» **MATERIAL FOR THIS EXERCISE**
..........

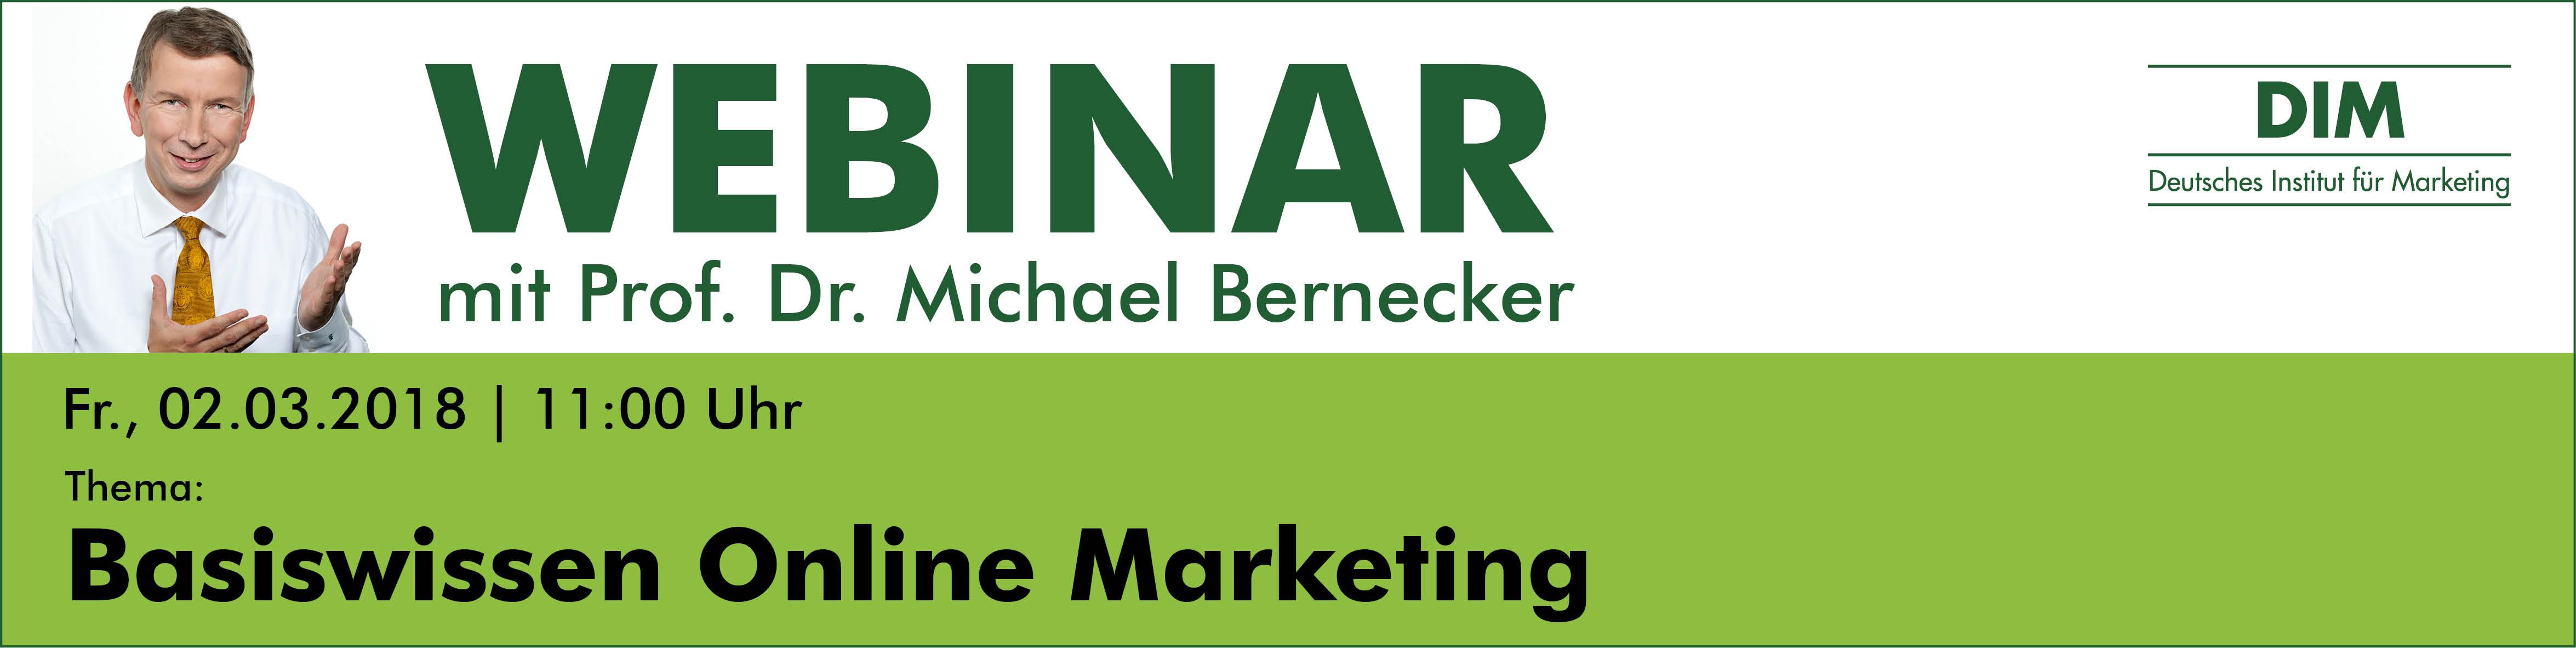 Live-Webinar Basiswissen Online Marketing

..........

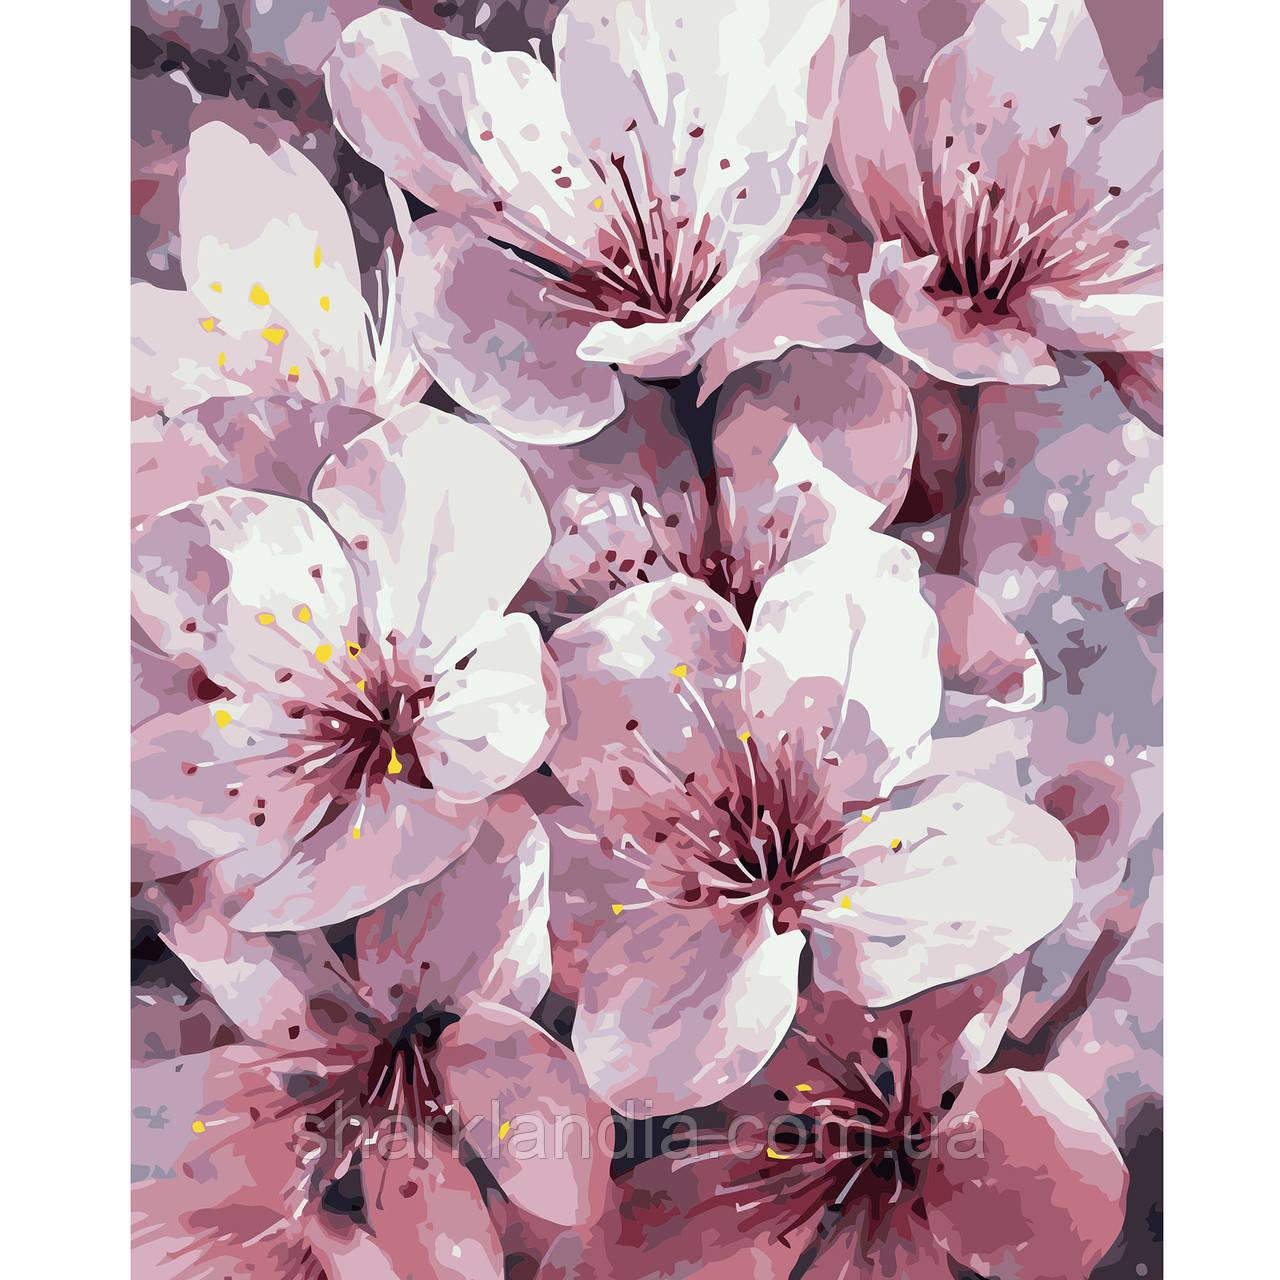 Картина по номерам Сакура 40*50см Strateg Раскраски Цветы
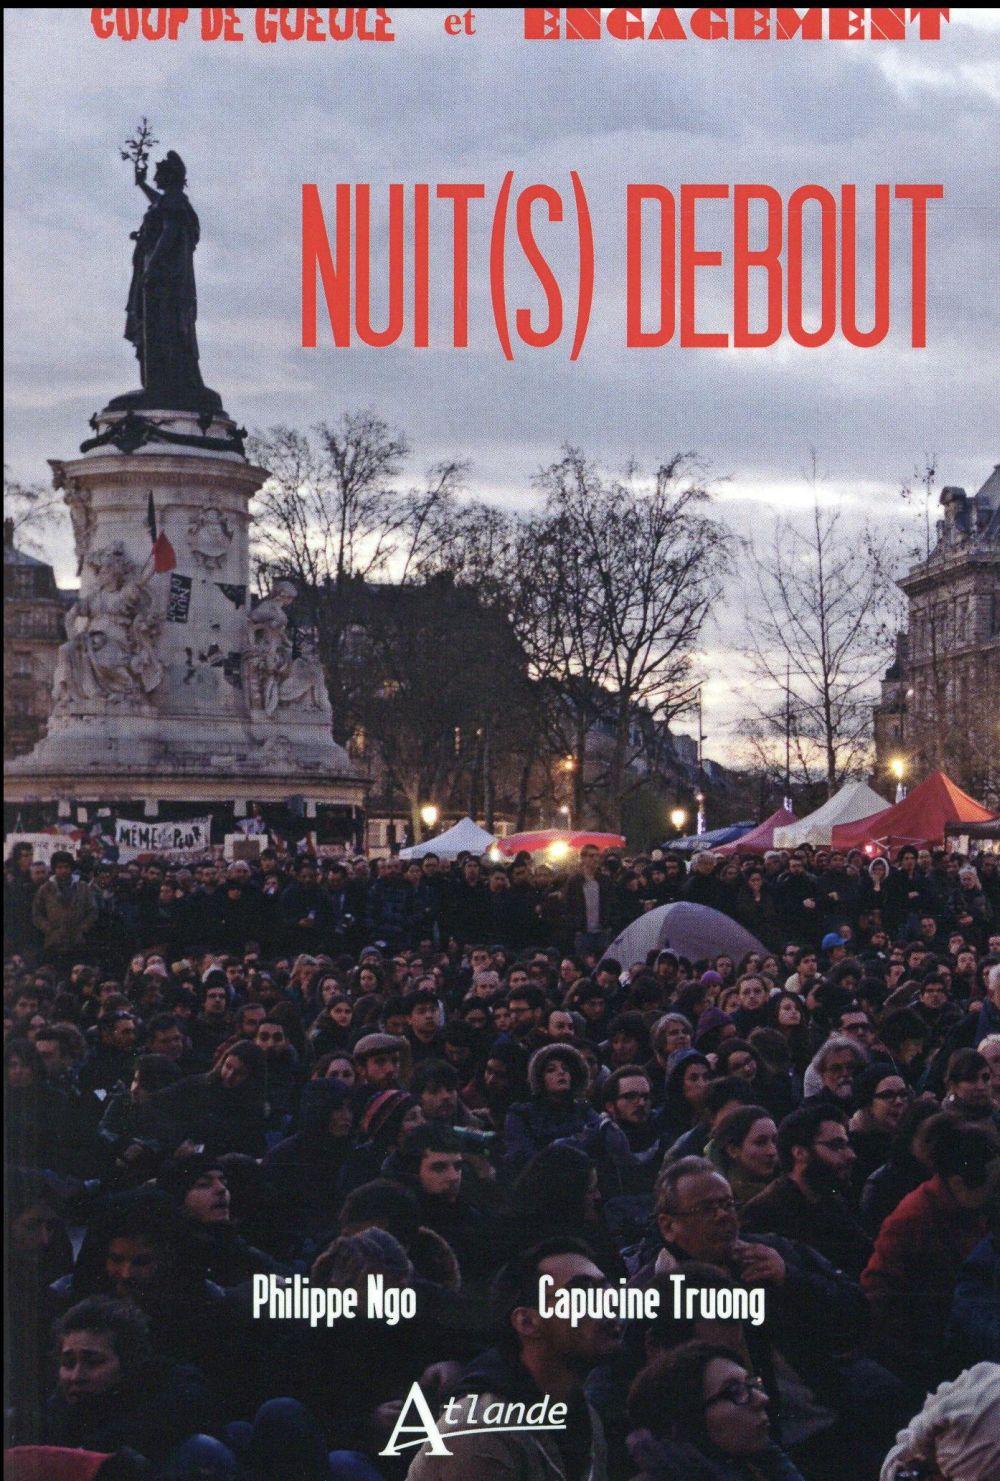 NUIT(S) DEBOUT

..........

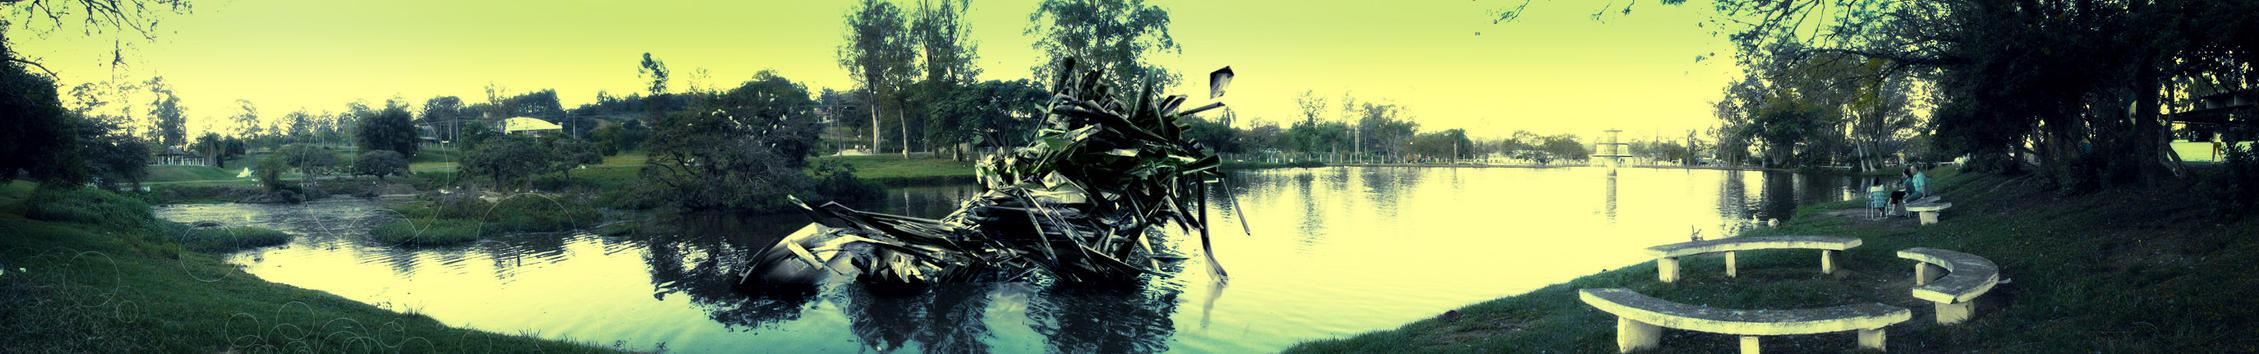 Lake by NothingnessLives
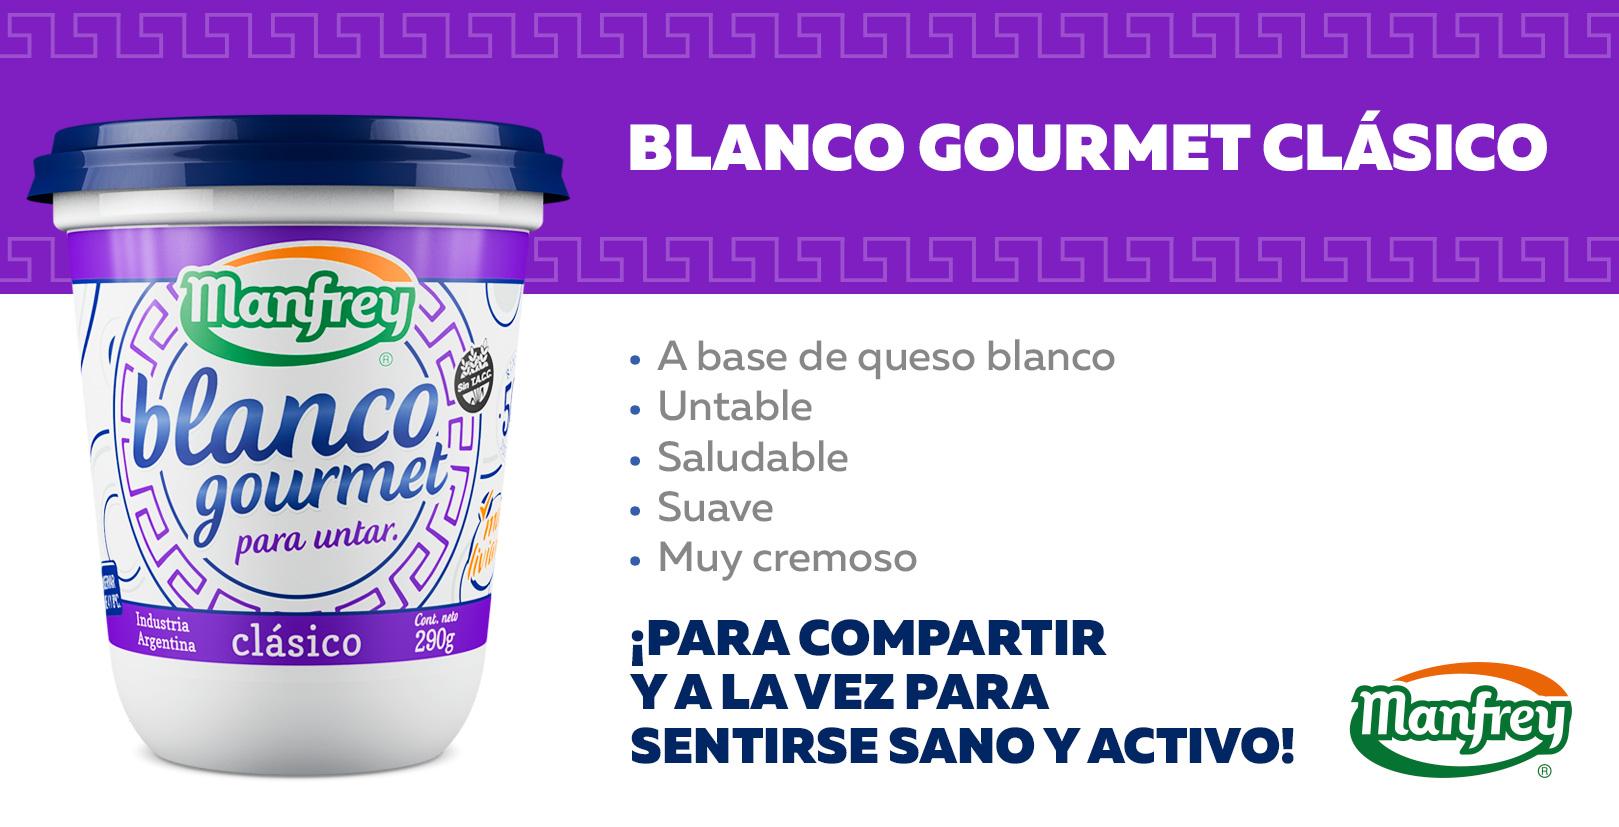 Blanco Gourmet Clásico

..........

Look above for the line holding "Картина по номерам" and output everything from it down to the line holding "NUIT(S) DEBOUT", both ends included, exactly and without images.

 Картина по номерам Сакура 40*50см Strateg Раскраски Цветы
 NUIT(S) DEBOUT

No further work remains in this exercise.